Yes, this. Working with video is as though there were no such thing as a documented API or standards document, but instead, you find the longest-lived bugs in the popular toolchains and in the clients of your customers, and those bugs are the foundation of the interfaces you implement.
I believe[1] this isn't necessarily about broken files. There is a lot of variation allowed by the spec. One example that I've seen in the wild is extra-long (> 60 seconds) periods between I-frames. Seeking to an arbitrary point either requires searching backwards from the seek-point for an I-frame and storing a massive amount of RAM. As this usually isn't possible and would require decoding hundreds of frames, decoding may cheat and make do with as many P and B frames as it can handle.

[1] I haven't actually read most of the h.265 spec. It's possible these are technically invalid files.

a 1-minute span for I-frames would not be prohibitive for parallel processing that the quotes part was referring to, with a 60-minute video it would still give you 60 segments to process in parallel.
A single uncompressed frame of 1080p video occupies 28MB in RAM, so 1 minute of 24fps video will take up 40GB. If you want to be able to run 4 cores at once it's 3 times that. You won't be doing that any time soon on your laptop or smartphone.
Curious as to your math? My naive thinking is 1920 * 1080 * 8 (generous) bytes is around 16MB.
The maximum number of references frames, i.e. how much the Decoded Picture Buffer has to hold, is 16. So even if a GOP is 1 minute long you would have to hold at most 16 pictures in memory to have enough information to stream over that 1-minute segment.

So I still do not see how this would prohibit parallel processing.

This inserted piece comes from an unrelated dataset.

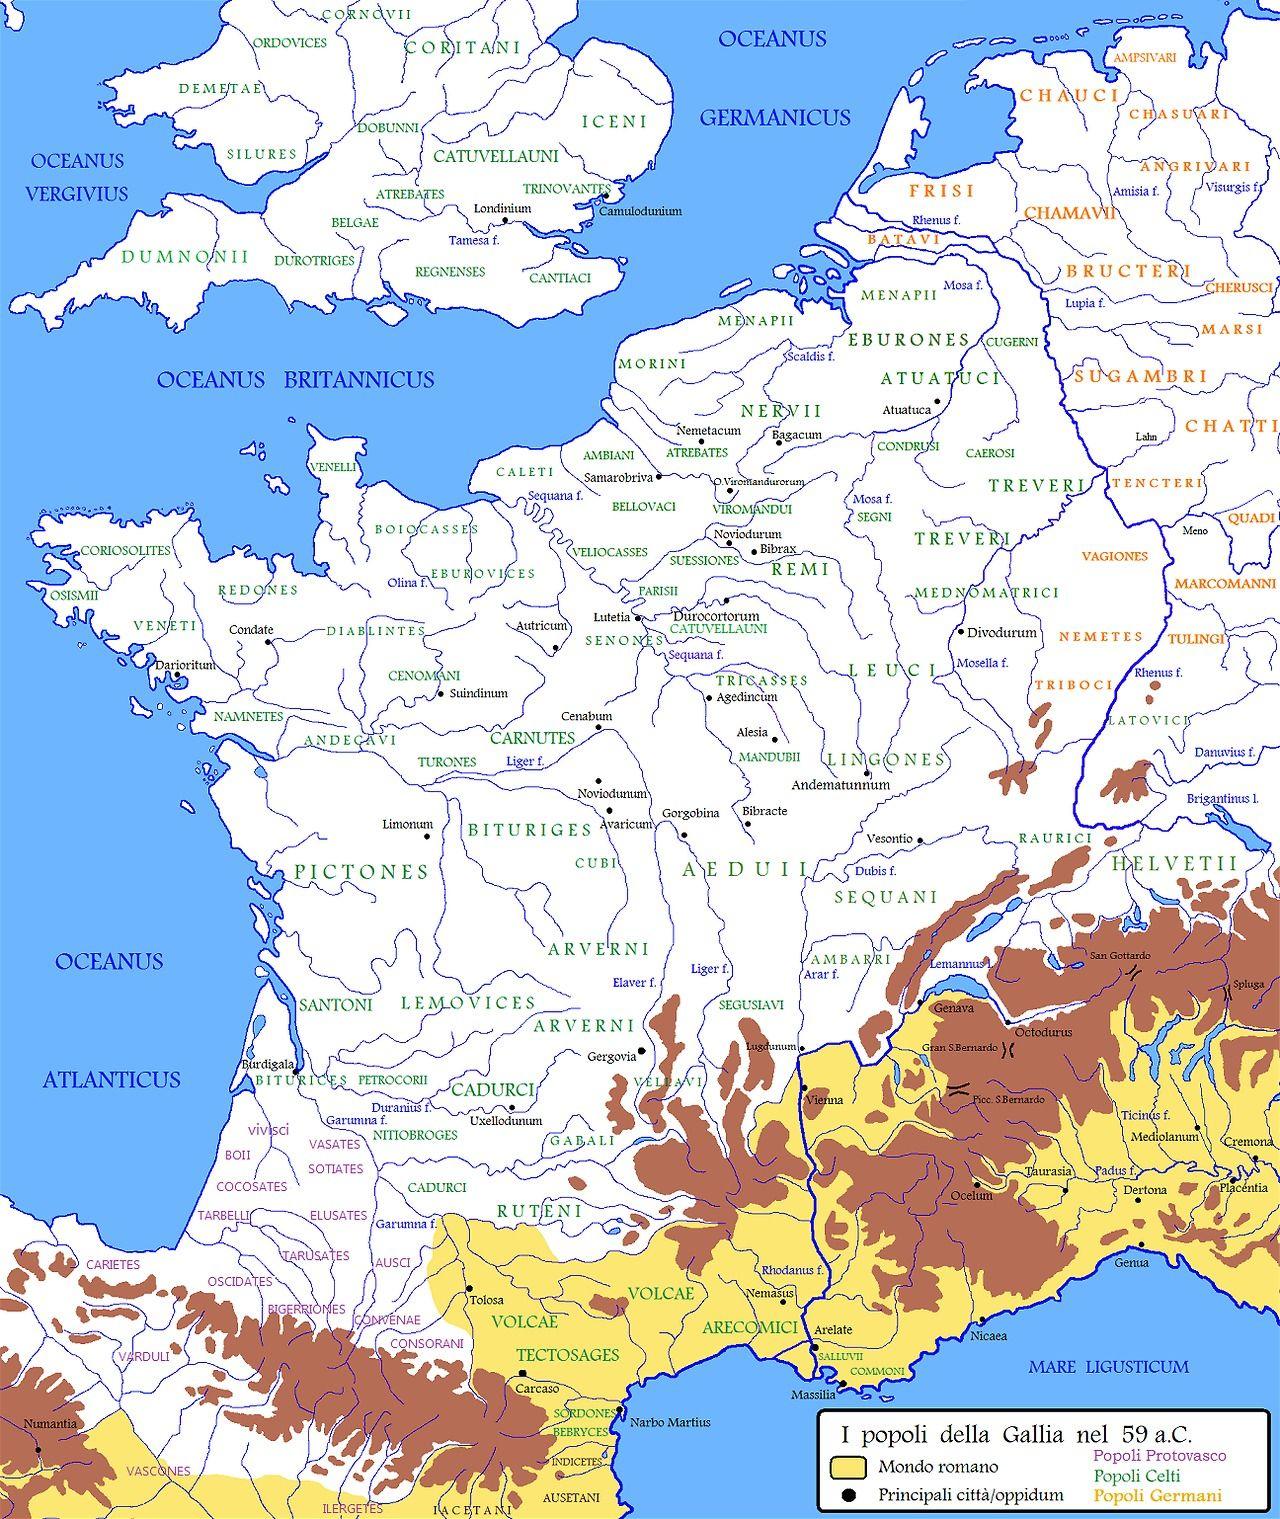 Epingle Sur Carto Protohistoire Antiquite Europeennes

Many of the listed points in TFA are not about broken-ness. A good chunk cover rarely-used features or less commonly used codecs for advanced applications.
As an example, there exist bitstreams where there aren't actually any keyframes, but instead the encoder guarantees that the decoder output converges to correct after decoding some number of frames. It's actually kinda how MDCT audio codecs work; it's just very rare in video.